No excitement today. I rang the GP about getting some more stuff added to my repeat prescription, and left a message for Imelda, Andrew’s secretary, but she hasn’t called me back. Will try again in the morning. 

Otherwise, I have been crocheting, and Mommy and I watched the final three episodes of Case. It was not completely satisfying – I don’t see why the murderer had to get killed, instead of being put in prison, especially as they were on their way to arrest him. They’ve left it open for a second series (on a different thread) but I don’t know if we will bother.

I am very excited for Mommy’s birthday surprise tomorrow. I hope she enjoys it.

The 24th of February. 

Ugh, I feel like trash. Have done all day. I had a bad night, and got woken up early by the man who came to fit the carpet. Joy. It took longer than usual for me to get up and dressed, because I kept having to stop to breathe extra oxygen. 

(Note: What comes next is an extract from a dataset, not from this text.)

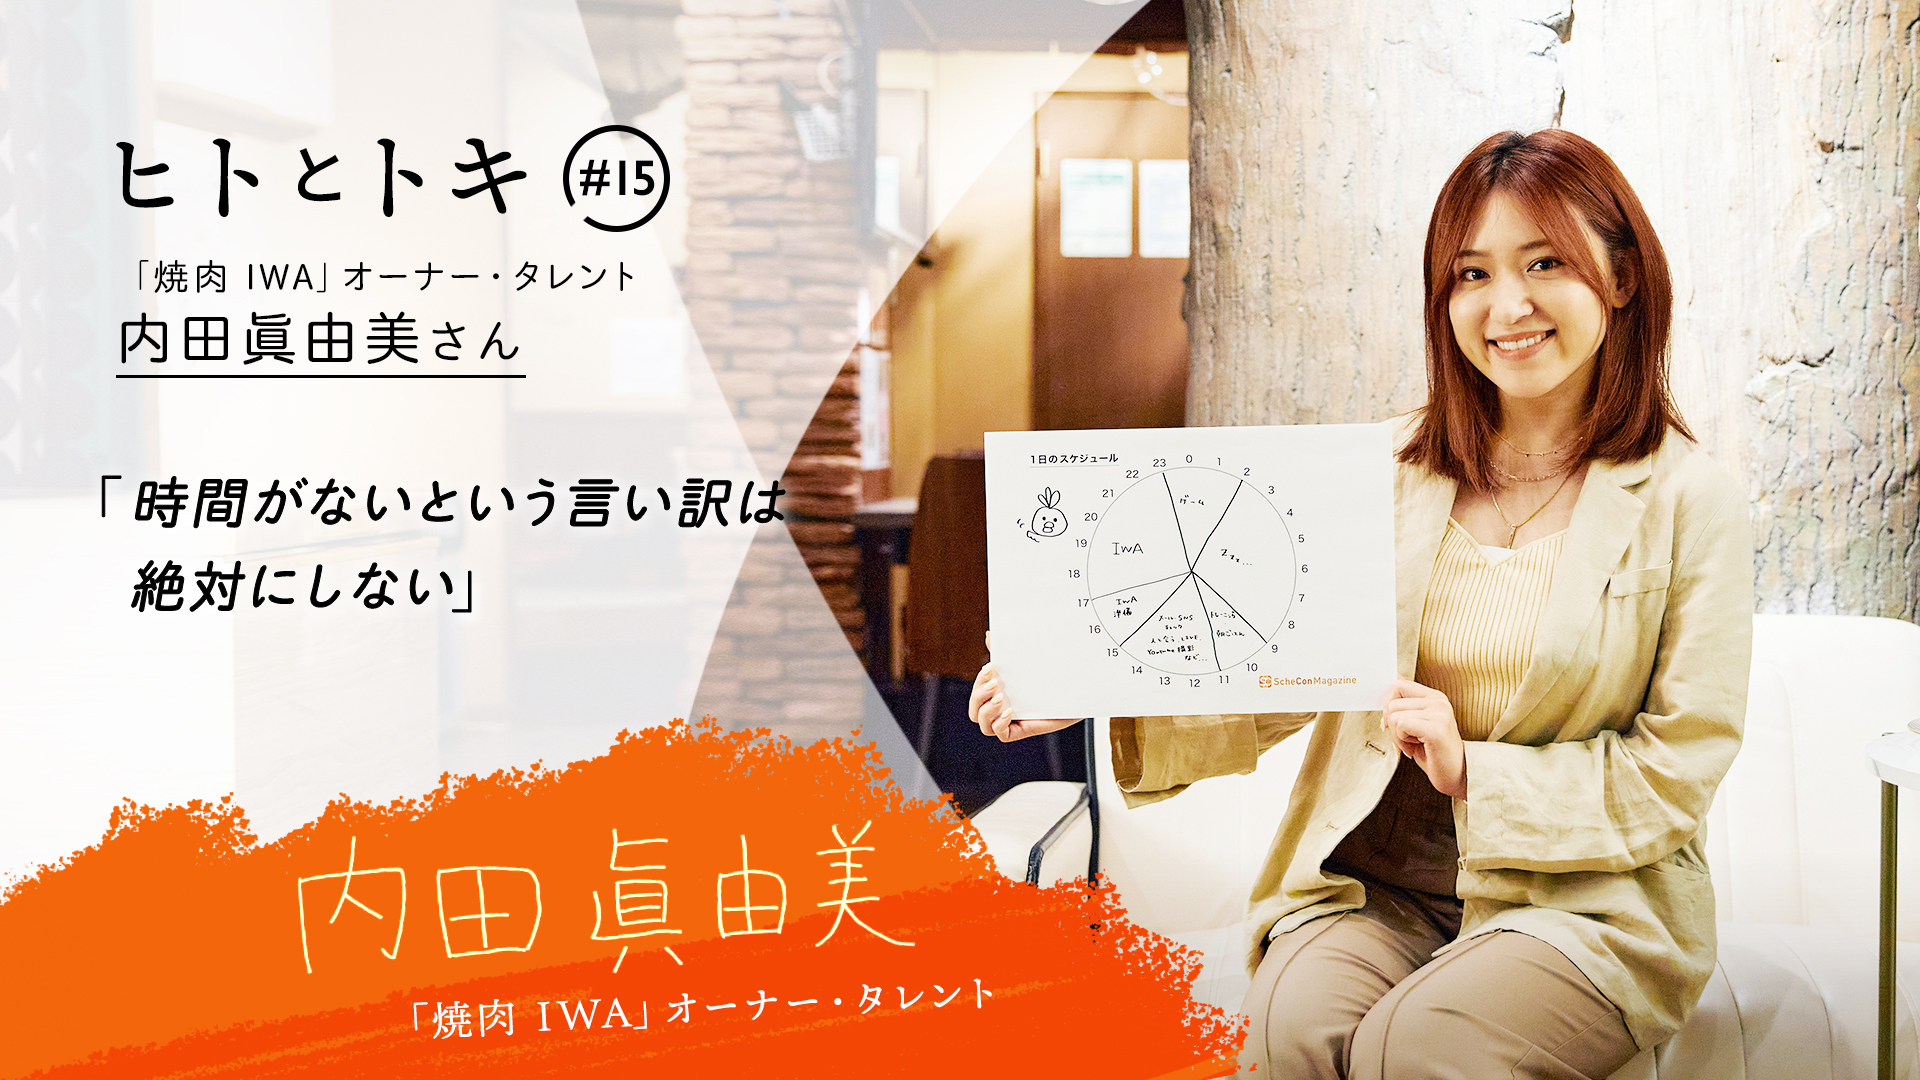 【ヒトとトキ #15】元AKB48の「焼肉 IWA」オーナー・内田眞由美さん 「時間がないという言い訳は絶対にしない」

Since then, I’ve kind of felt like I’m suffocating all day, so am trying to do very little. I can’t get a deep breath in, and neither my inhaler nor extra oxygen have helped. Just have to hope that a good sleep tonight sorts it out. 

Three good things to mention: the compression garment hurts less today, Christine has come home for the weekend, and NHS England have committed to definitely routinely funding second transplants! Finally, someone in there saw reason/had some compassion and the funding has been reinstated. 

The 25th of February. 

Breathing is very difficult and it is making life very tiresome. I am back at the stage where I am no longer capable of washing my own hair because the activity is too exhausting, and the shower is one of the few places I cannot take the oxygen. I have been able to take deep breaths though, so there’s that. 

Compression garment is back to being painful. Obviously yesterday was a fluke, worse luck. 

Had a really exciting afternoon – did my Cats Protection admin, which involved taking cats who were adopted last year off Catalog. Basically inputting all the microchip and neutering data, and all the adopters’ details. Really, very thrilling. Then, while not paying attention to the rugby, I worked on a new doily. I am such an old woman. 

This evening, we have been out to Tom’s Kitchen at The Mailbox for Mommy’s birthday (which is tomorrow). It didn’t start off brilliantly because Daddy insisted on parking on the street, so we got wet going in, then the disabled doors were broken, so we had to carry my wheelchair up steps to get inside. So I was annoyed, but then I got over myself. I had to have the truffled mac’n’cheese to start, because it is ridiculously delicious, then I had roasted pollock and pea risotto, and that was also excellent. I had no room for pudding though, and was very ready for my bed when we got home.